Deep-sided skillet or roasting pan with lid
Heavy-bottomed skillet (can double as the roasting pan if sides are high enough)
Chef's knife
Cutting board
Wooden spoon
Fine mesh strainer

1 boneless pork shoulder (about 4 lbs.)
1/4 cup + 2 teaspoons kosher salt or sea salt
2 tablespoons canola oil
1 medium leek, halved lengthwise and rinsed
1 stalk celery, cut into 2-inch lengths
1 medium yellow onion, quartered lengthwise
3-4 fennel stalks (the top of one bulb), cut into 2-inch lengths
2 sprigs rosemary
7 sprigs thyme
1 bay leaf
1 teaspoon black peppercorns
1 teaspoon coriander seed
1 star anise
4-5 cloves of garlic
1 tablespoon unsalted butter
1 1/2 cups white wine
5 cups chicken stock

1. Rub pork all over with 1/4 cup salt. Refrigerate uncovered for at least 3 hours, or overnight. 

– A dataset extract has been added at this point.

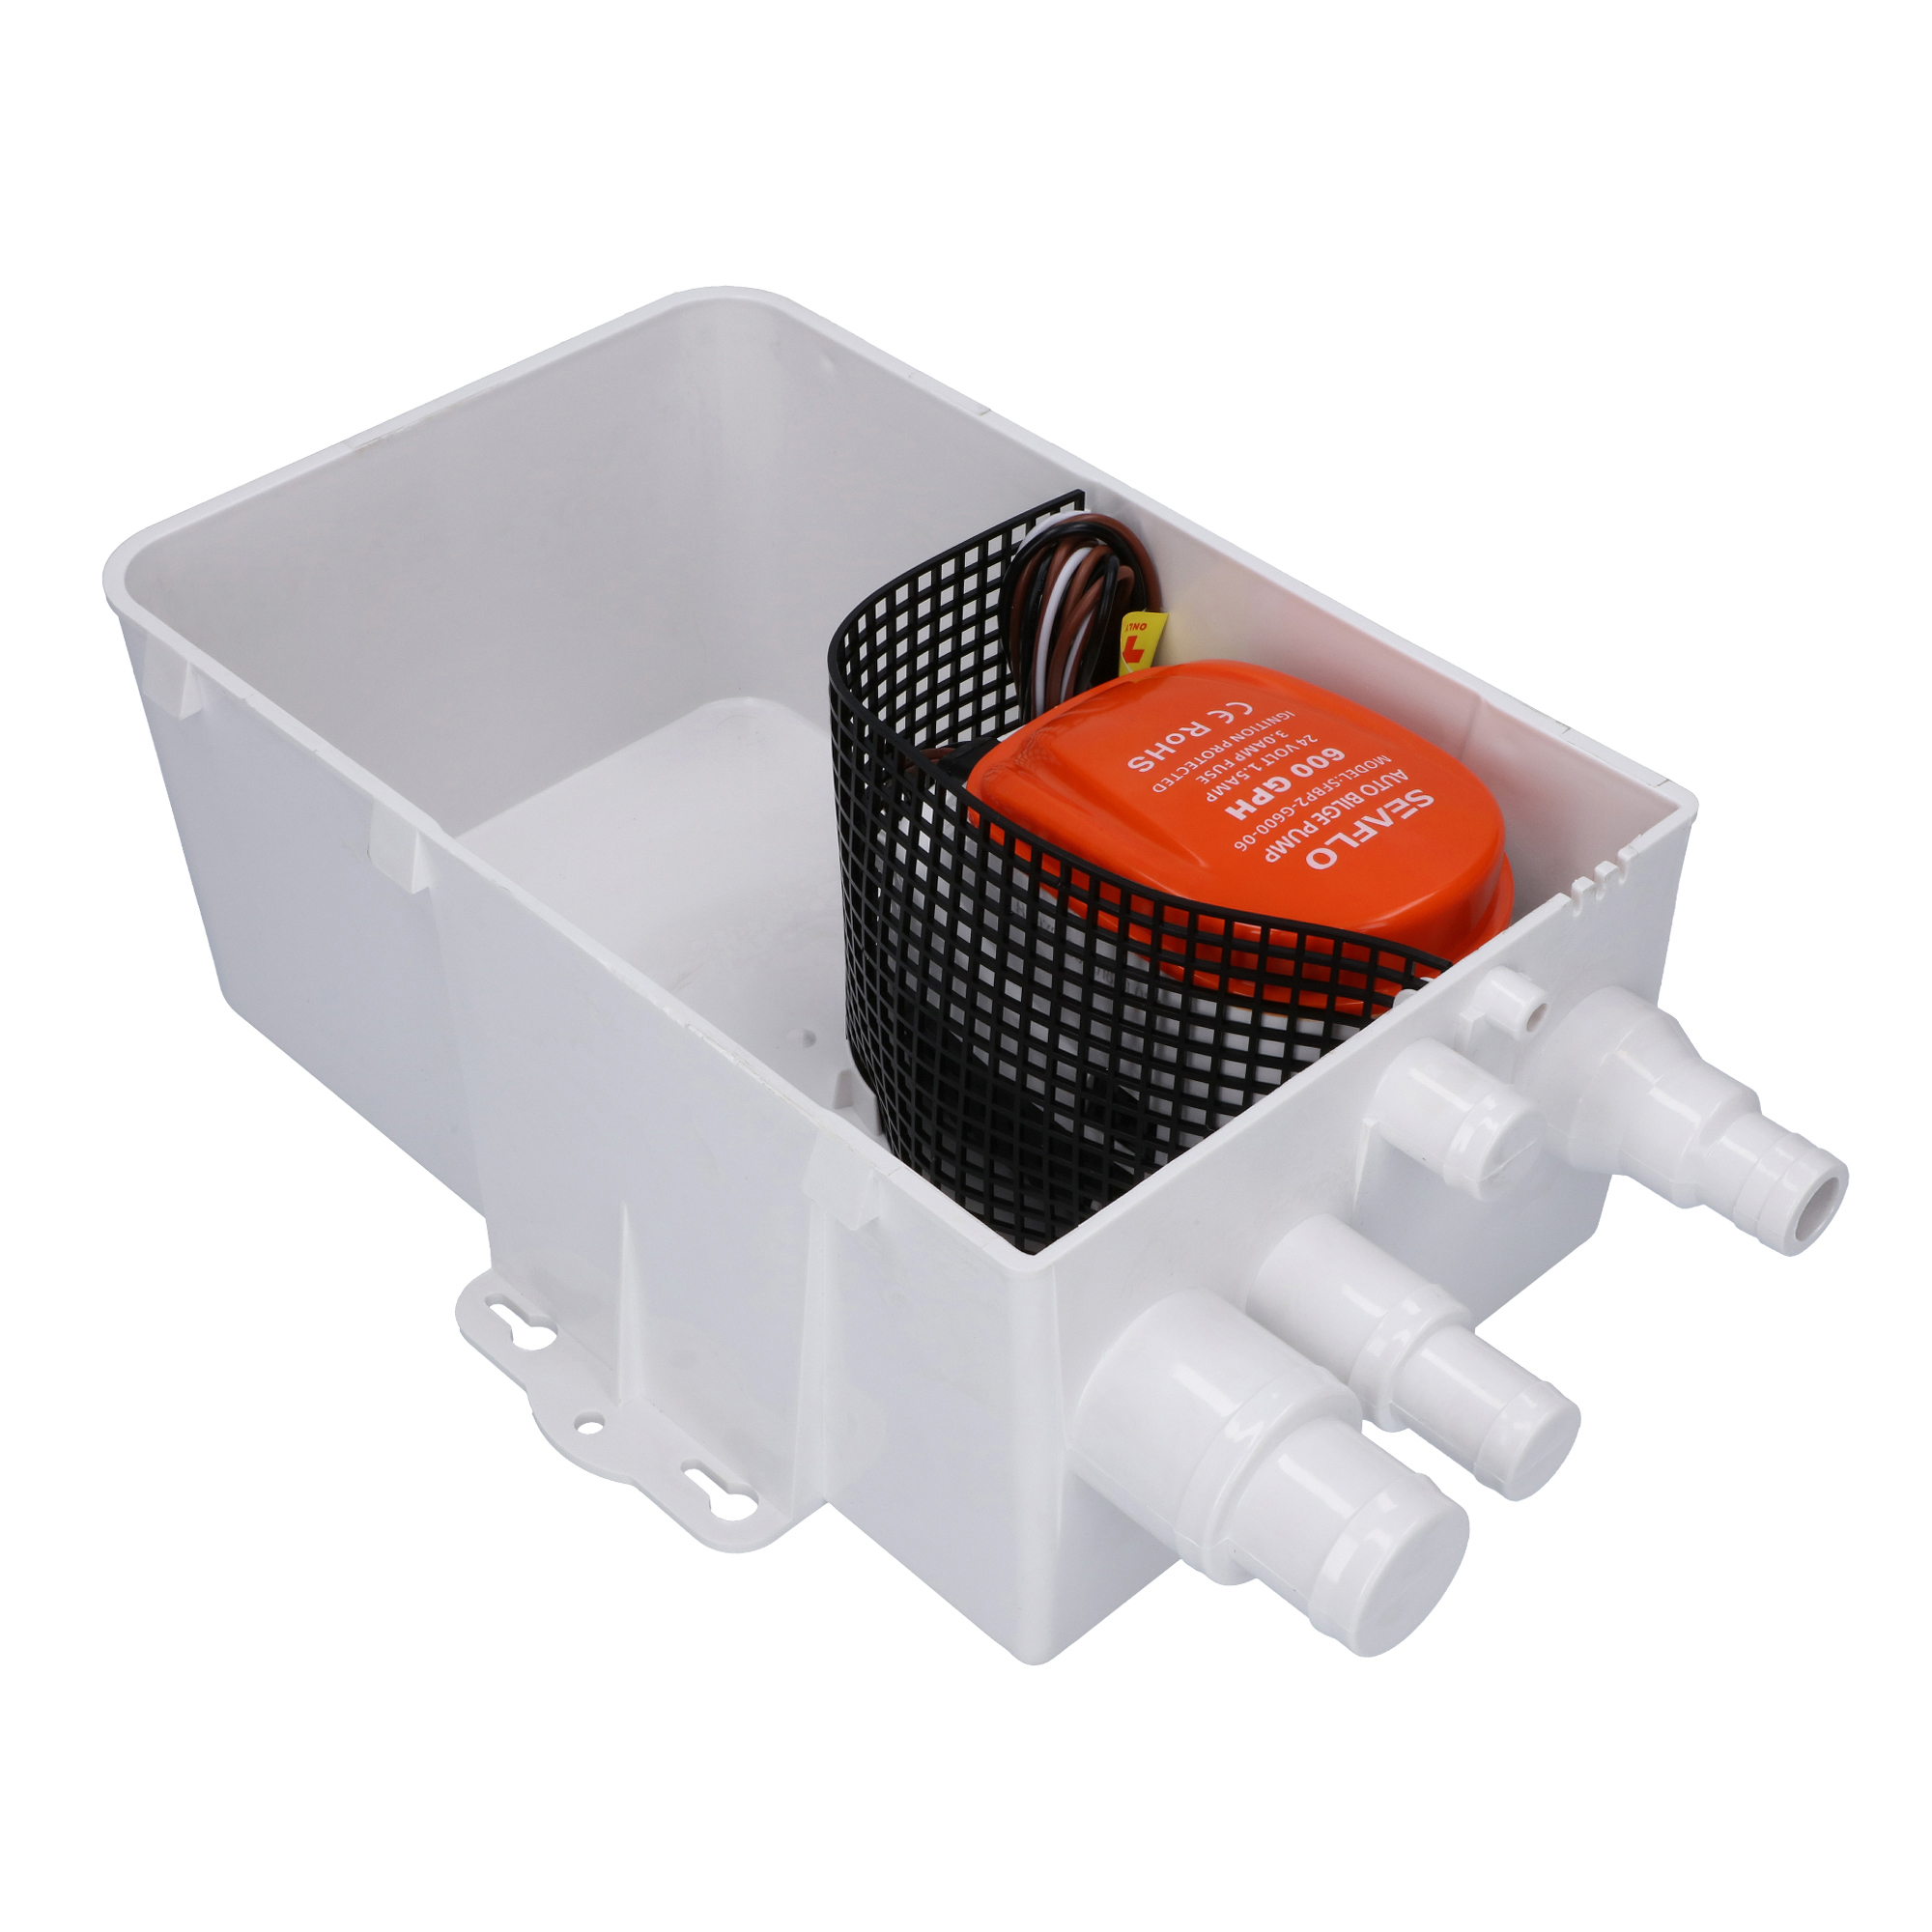 SEAFLO ® Automatik Duschpumpensystem 24 V Sahara 600
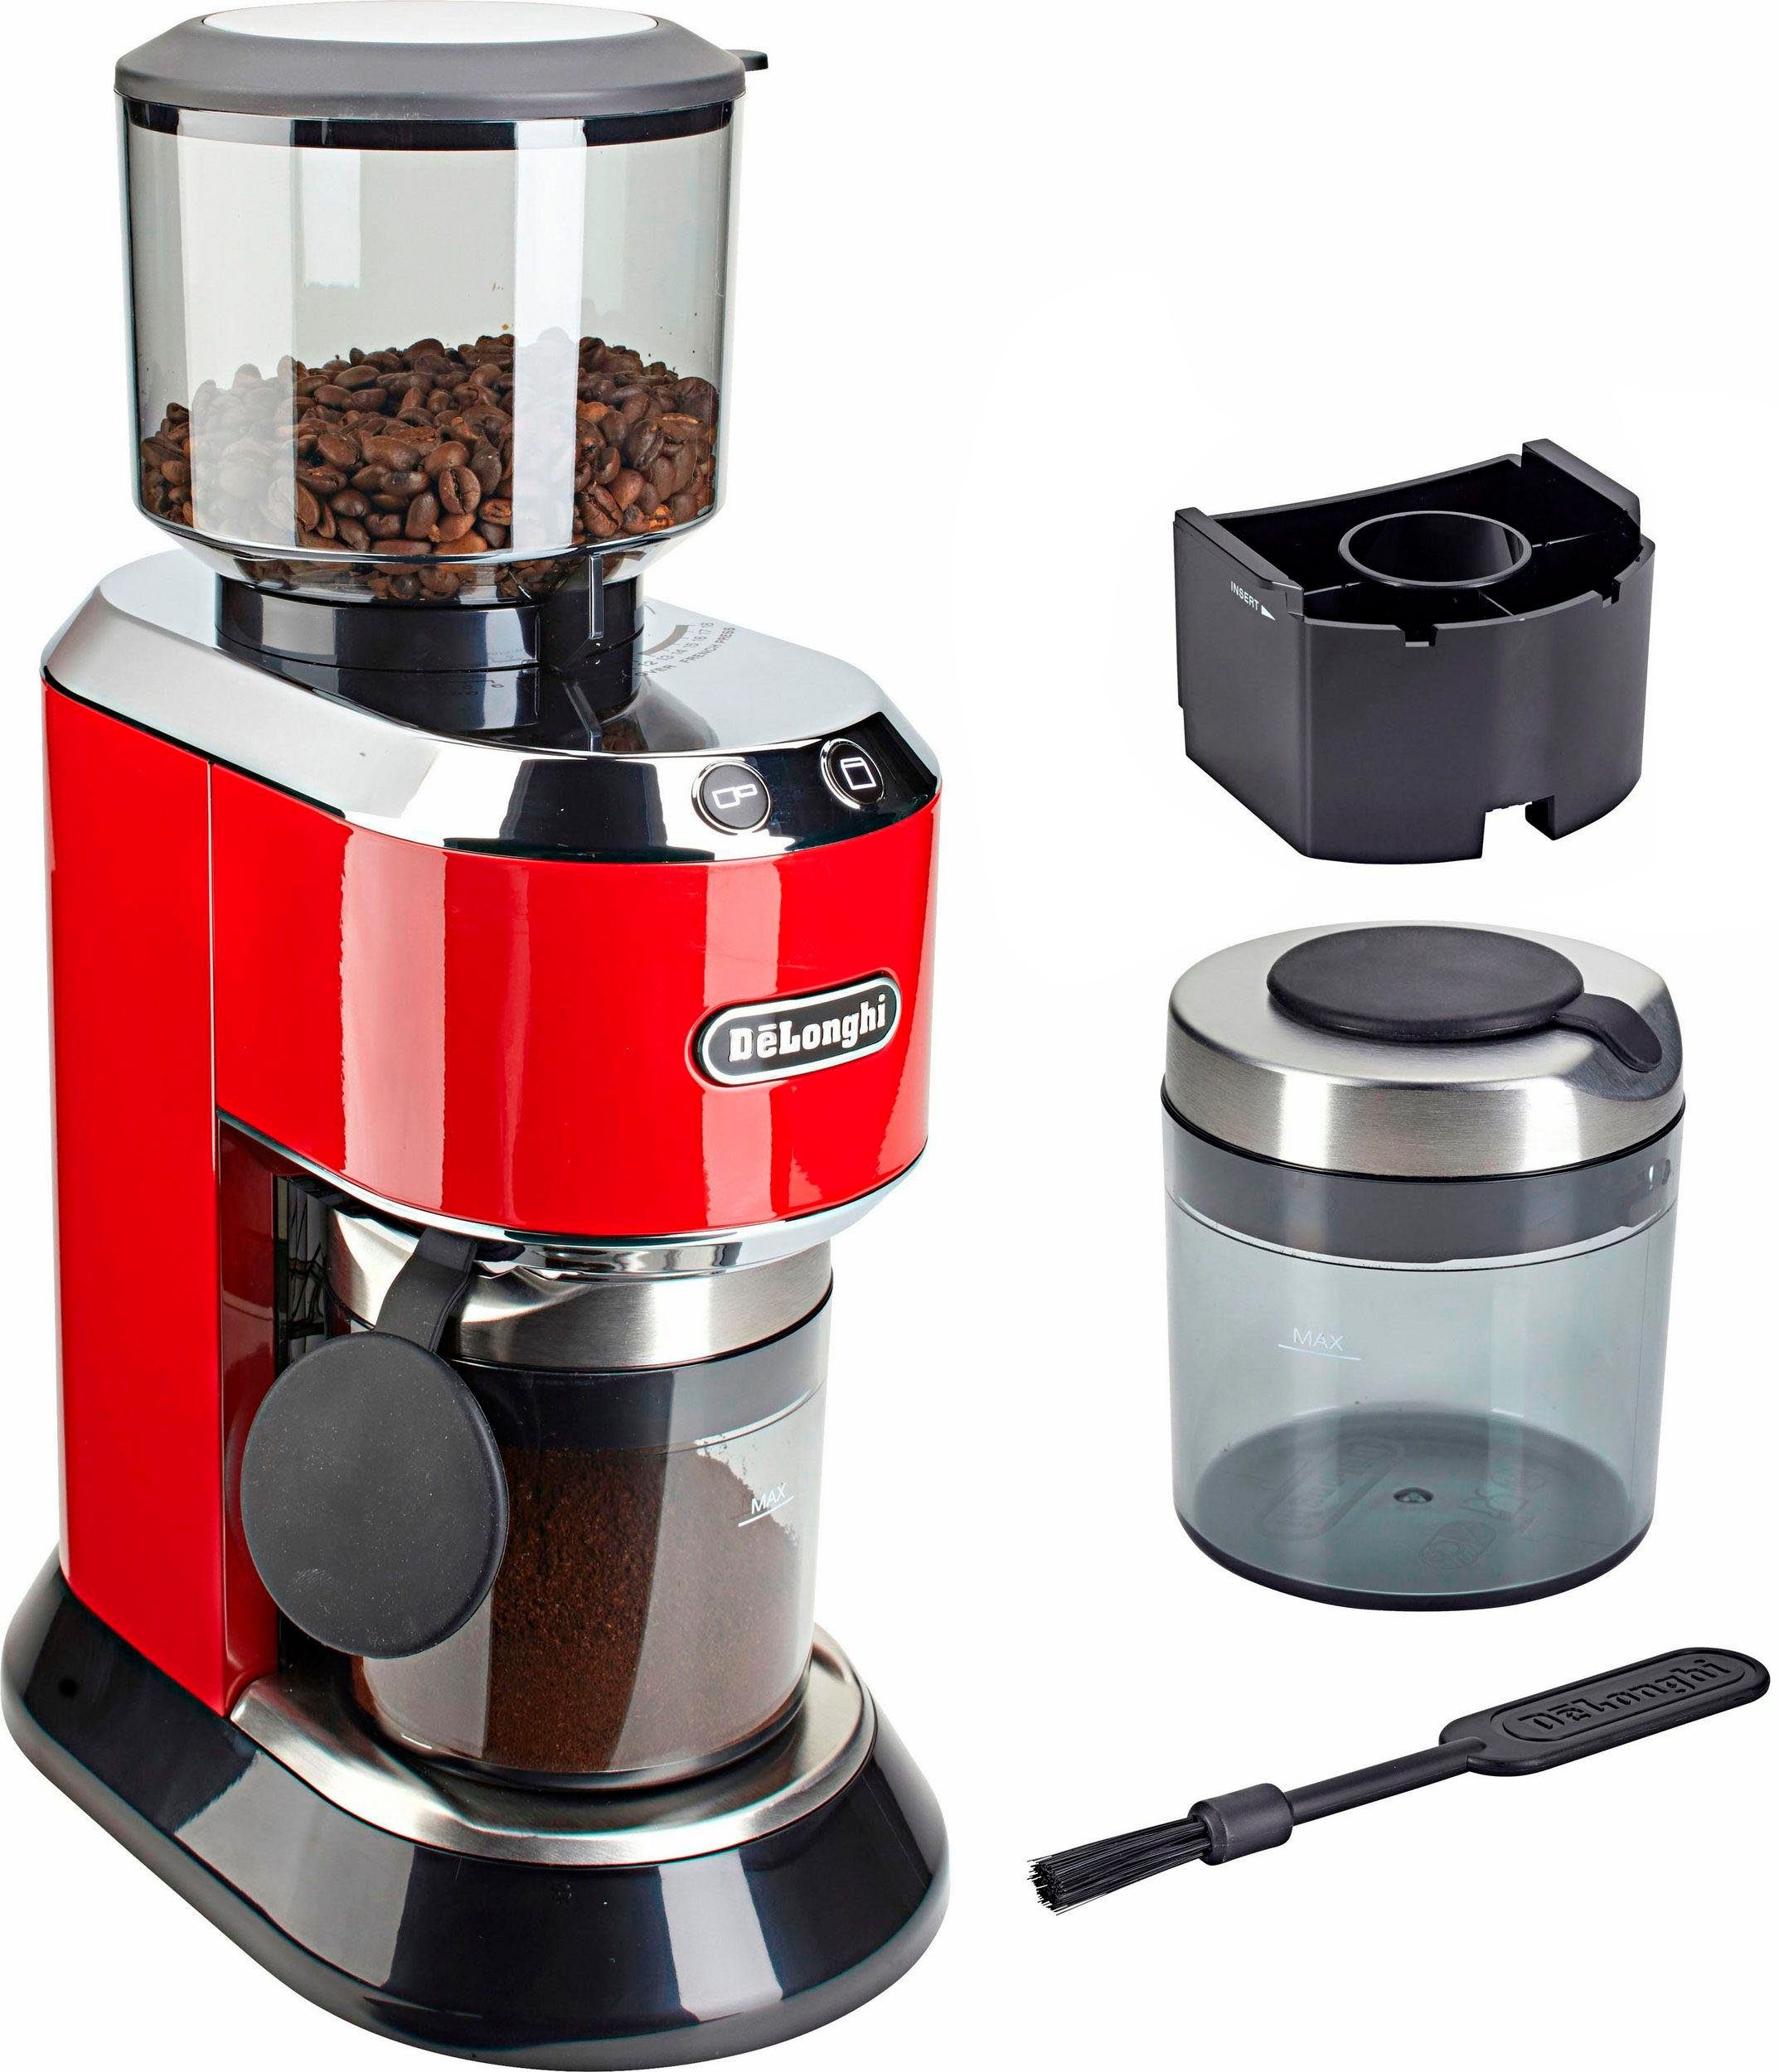 De'Longhi Kaffeemühle Dedica KG520.R, 150 W, Kegelmahlwerk, 350 g  Bohnenbehälter online kaufen | OTTO

2. Heat 1 tablespoon oil over high heat in a heavy-bottomed skillet. Sear pork on all sides until deeply browned, about 15 minutes. Transfer meat to a plate and set aside.

3. Pour most of the fat out of the pan, leaving about 1 tablespoon. Return to medium-high heat. Add leek, celery, onion, and fennel stalks and pan-roast, turning occasionally, until deeply browned, about 10 minutes. (The vegetables don't have to be soft all the way through--the color is what you're looking for.) Transfer vegetables to another plate and set aside.

4. Lower heat to medium. Add rosemary, thyme, bay leaf, peppercorns, coriander, star anise, garlic, and butter. Sauté until butter is browned and spices are aromatic, about 1 minute. 

5. Add wine to the spices and raise heat to medium-high. Bring wine to a boil and scrape the browned fond from the bottom of the pan with a wooden spoon. Simmer until thick enough to coat the back of a spoon, about 15 minutes. Transfer wine mixture to a bowl and set aside.

6. Arrange vegetables on the bottom of a deep-sided skillet or roasting pan (you can use the same skillet as before if the sides are high enough) and place pork on top fat-side up. Add wine mixture, 4 cups chicken stock, and remaining 2 teaspoons salt. Cover and cook overnight, about 12 hours, at your oven's lowest setting (ours goes down to 170 degrees). Alternatively, cook overnight in a crockpot set on low. The pork is done when you can pull it apart easily with your fingers.

Just out of the oven

6. Strain and reserve the cooking liquid. Discard vegetables and aromatics. Pour the liquid over the pork and allow to cool completely. Cover and refrigerate until 1 hour before serving.

7. Skim congealed fat from liquid and discard. In a saucepan, reduce liquid at a lively simmer over medium-high heat, skimming fat and impurities with a ladle as they rise to the top, until somewhat thickened but not yet gravy-like, about 20 minutes. Taste periodically to make sure sauce doesn't over-reduce and become too salty. Re-strain, cover, and keep warm on the stove at low heat until ready to serve.

8. Heat oven to 350 degrees. Heat remaining 1 tablespoon oil in a heavy-bottomed skillet over medium high. Pat pork dry with paper towels and add to skillet. Sear on all sides, rotating frequently, until a deep brown crust has built up again, about 6 minutes, being careful not to tear the sides. 

9. Add a ladleful (~1/2 cup) of sauce and remaining 1 cup chicken stock. Transfer to oven and cook, rotating and basting occasionally, until pork is heated through and liquid has reduced to a beautiful glaze, about 20 minutes. Carve into thick slices and serve with sauce on the side.